Set down the whole listing below exactly, without pictures.

Information shown:
- - - - - - -
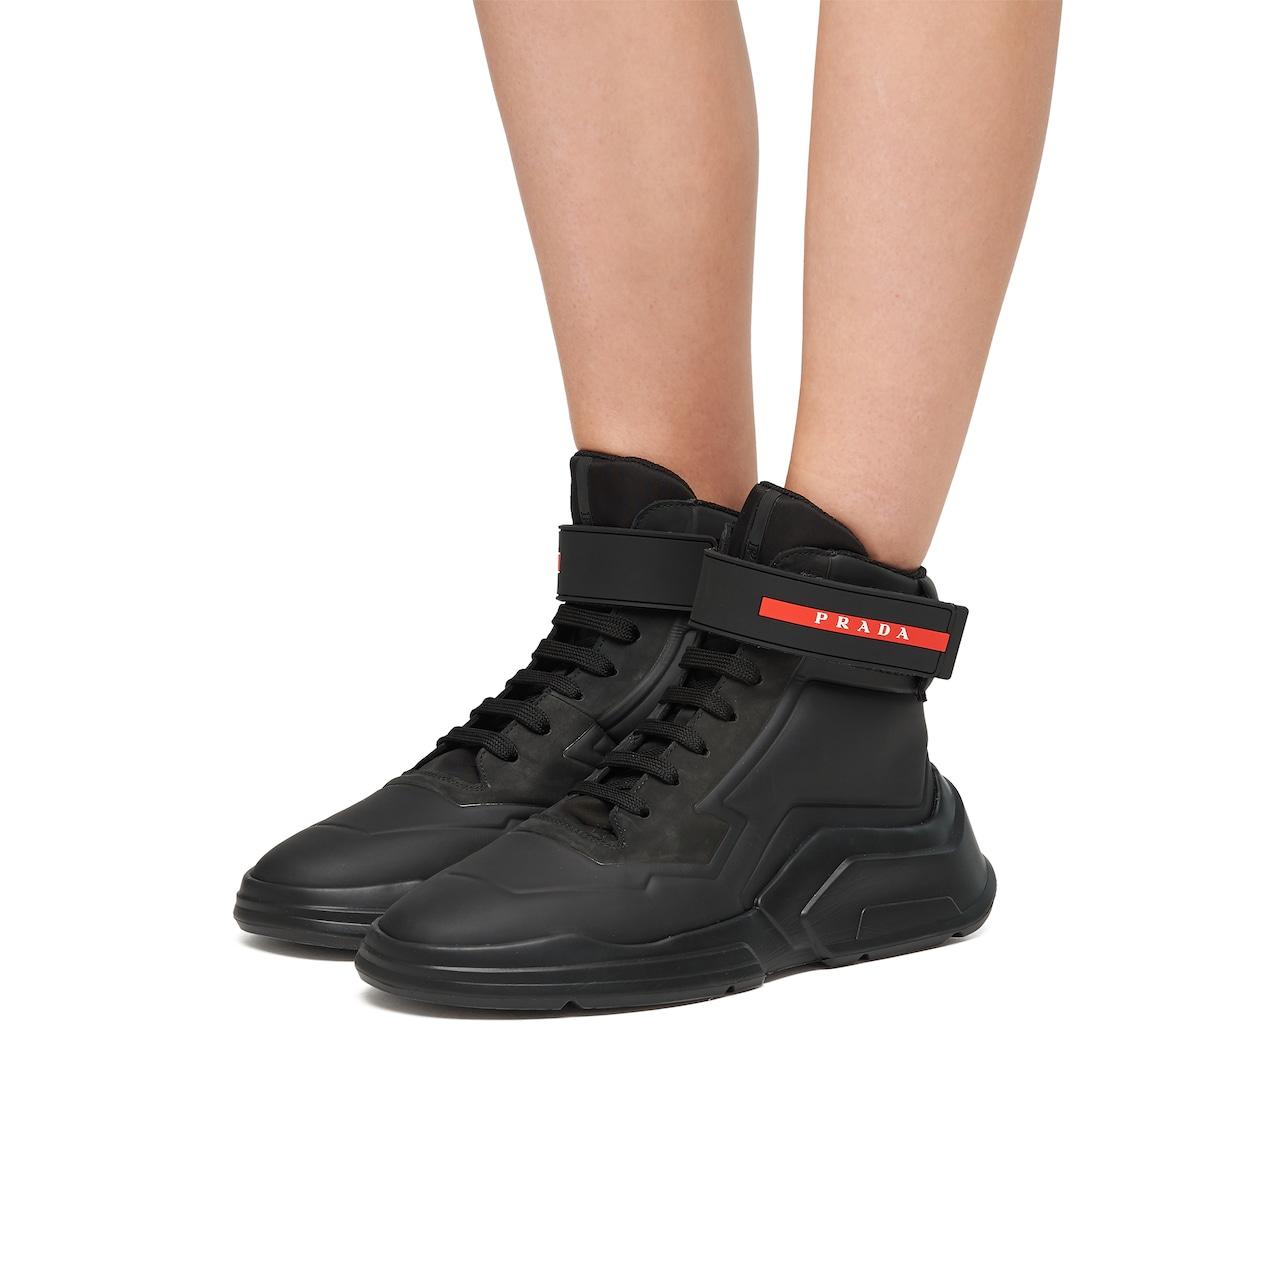 Prada Prada Polarius 19 LR sneakers 3
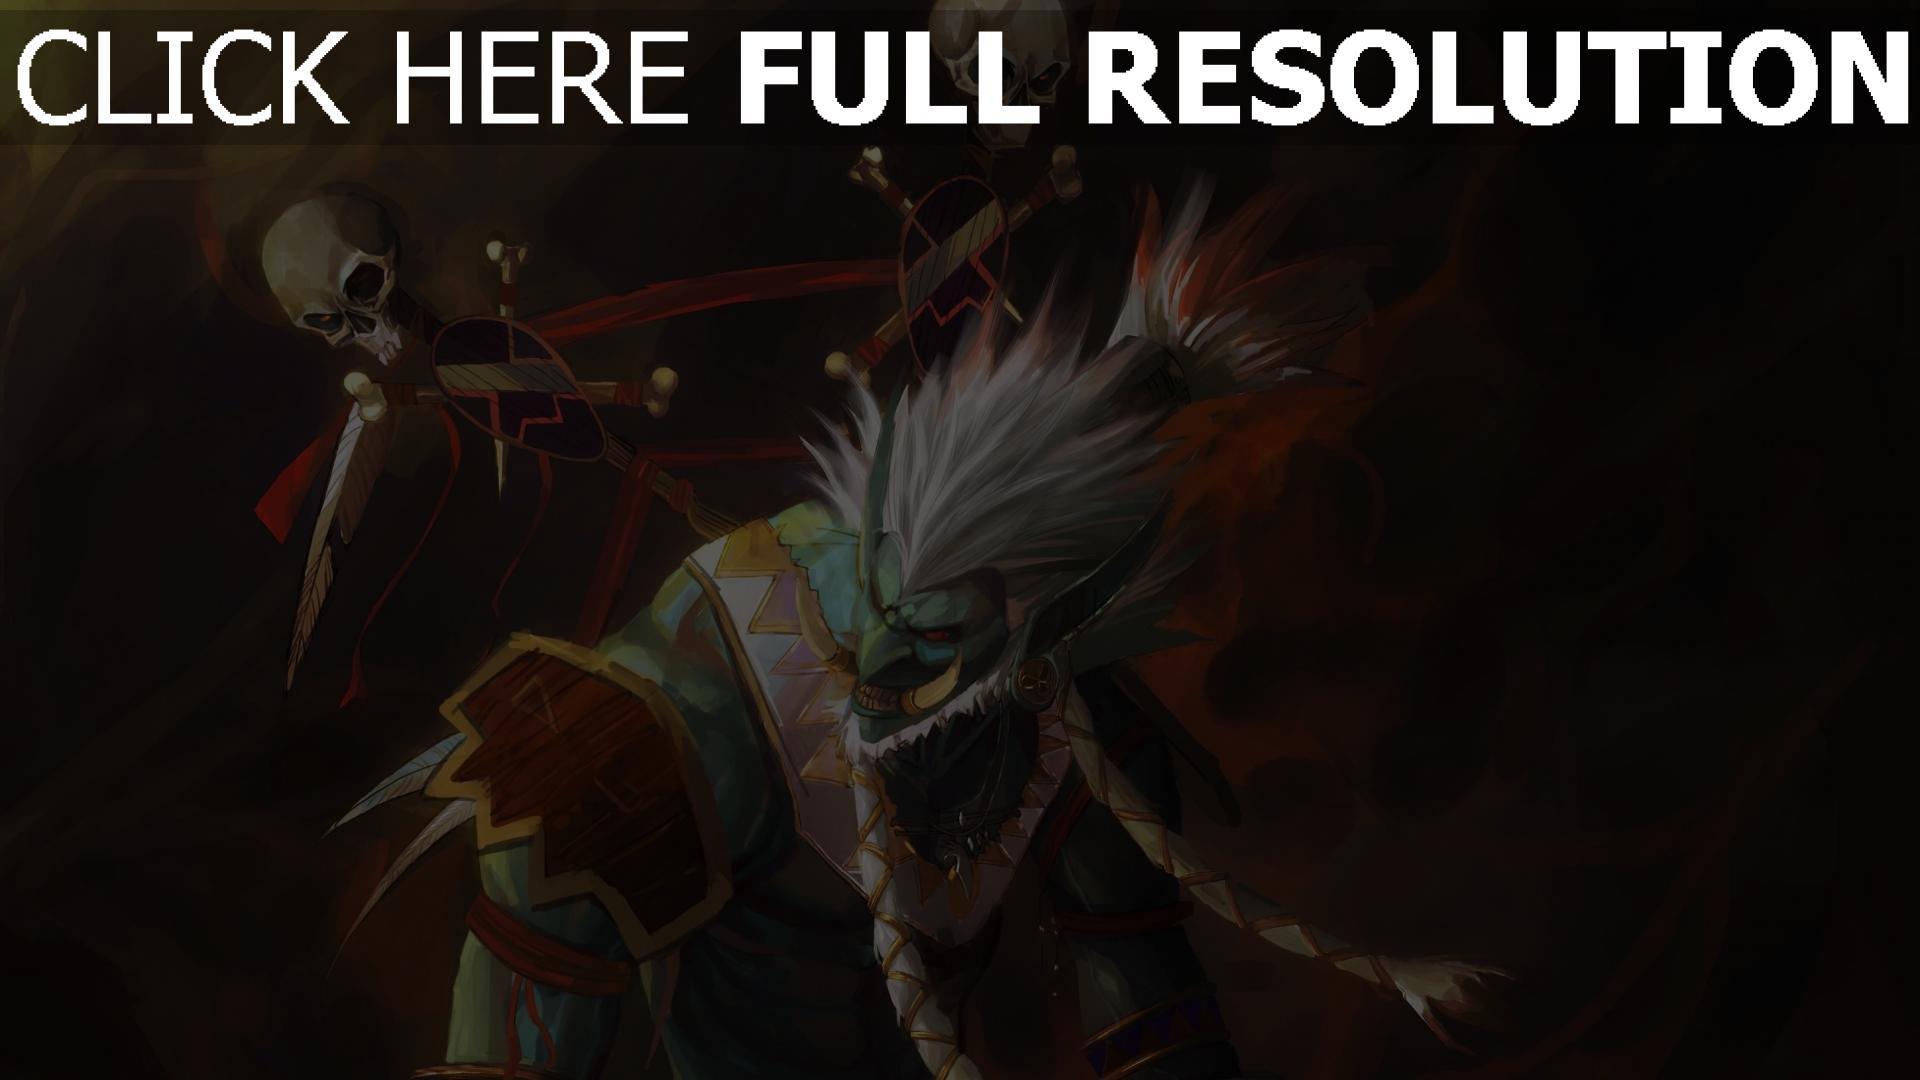 hd hintergrundbilder world of warcraft, troll, shaman, totem 1920x1080
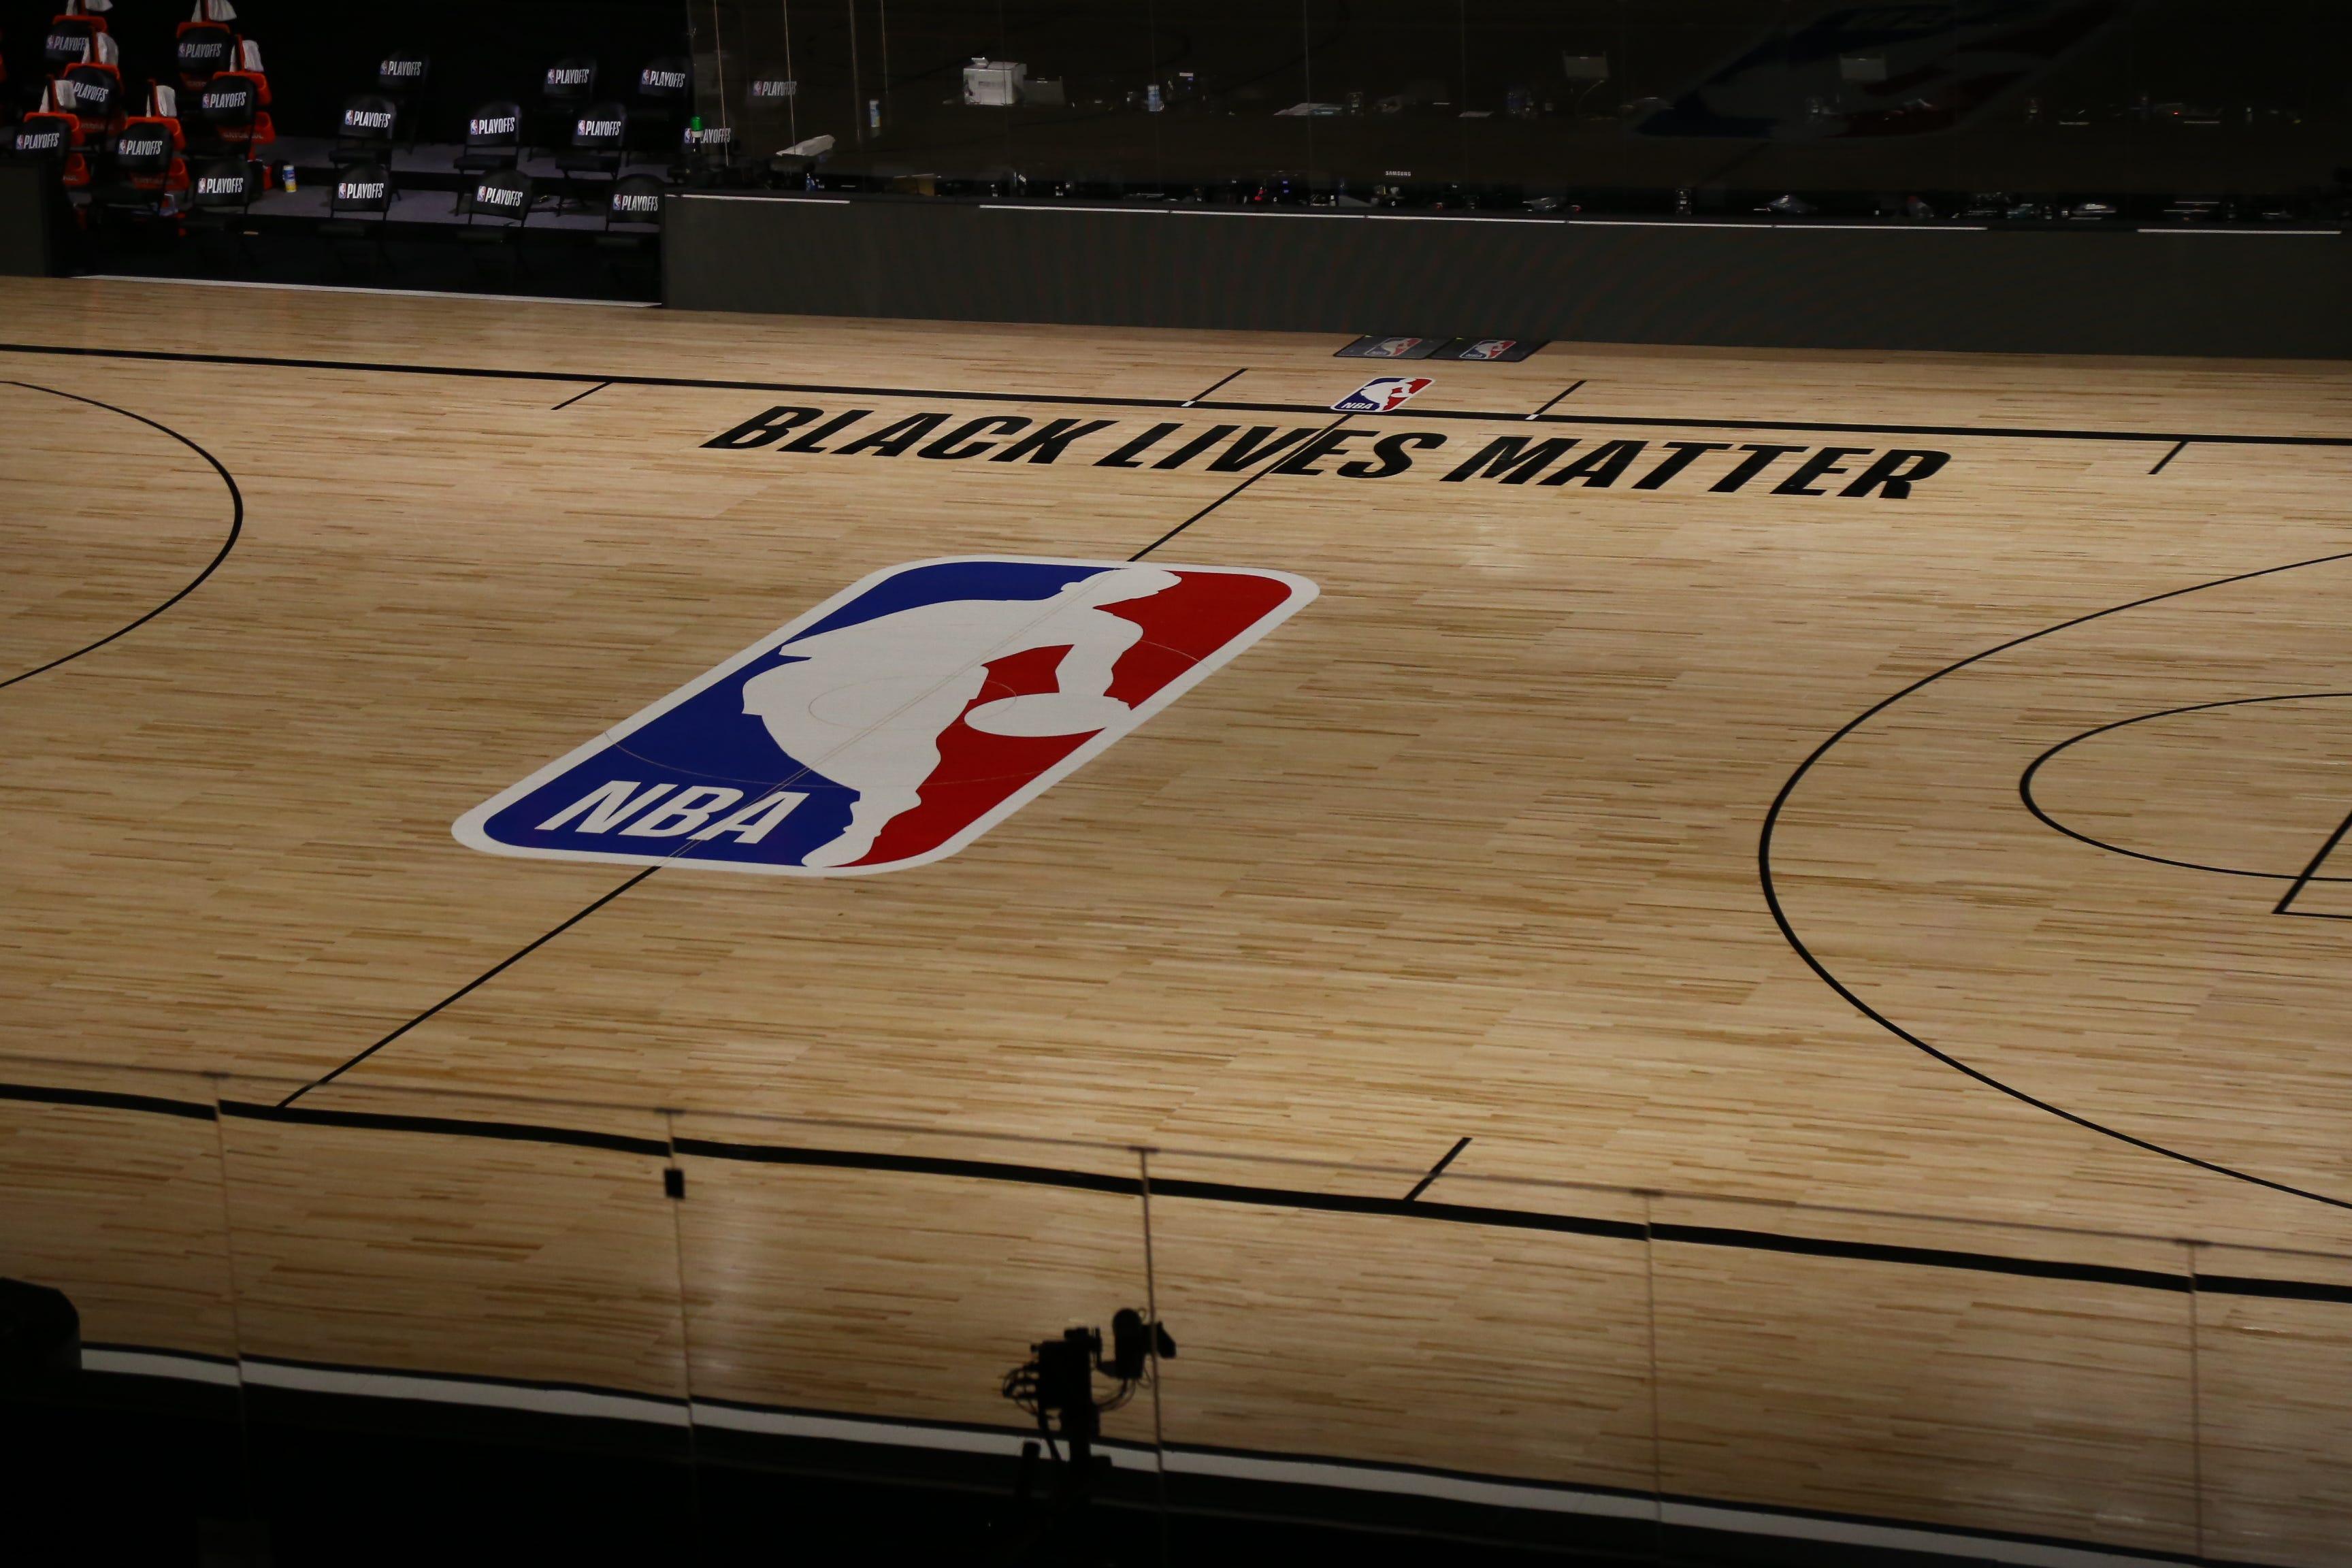 Start date for free agency, salary cap established for 2020-21 NBA season
- - - - - - -
Task answer:
 Prada Prada Polarius 19 LR sneakers 3
 hd hintergrundbilder world of warcraft, troll, shaman, totem 1920x1080
 Start date for free agency, salary cap established for 2020-21 NBA season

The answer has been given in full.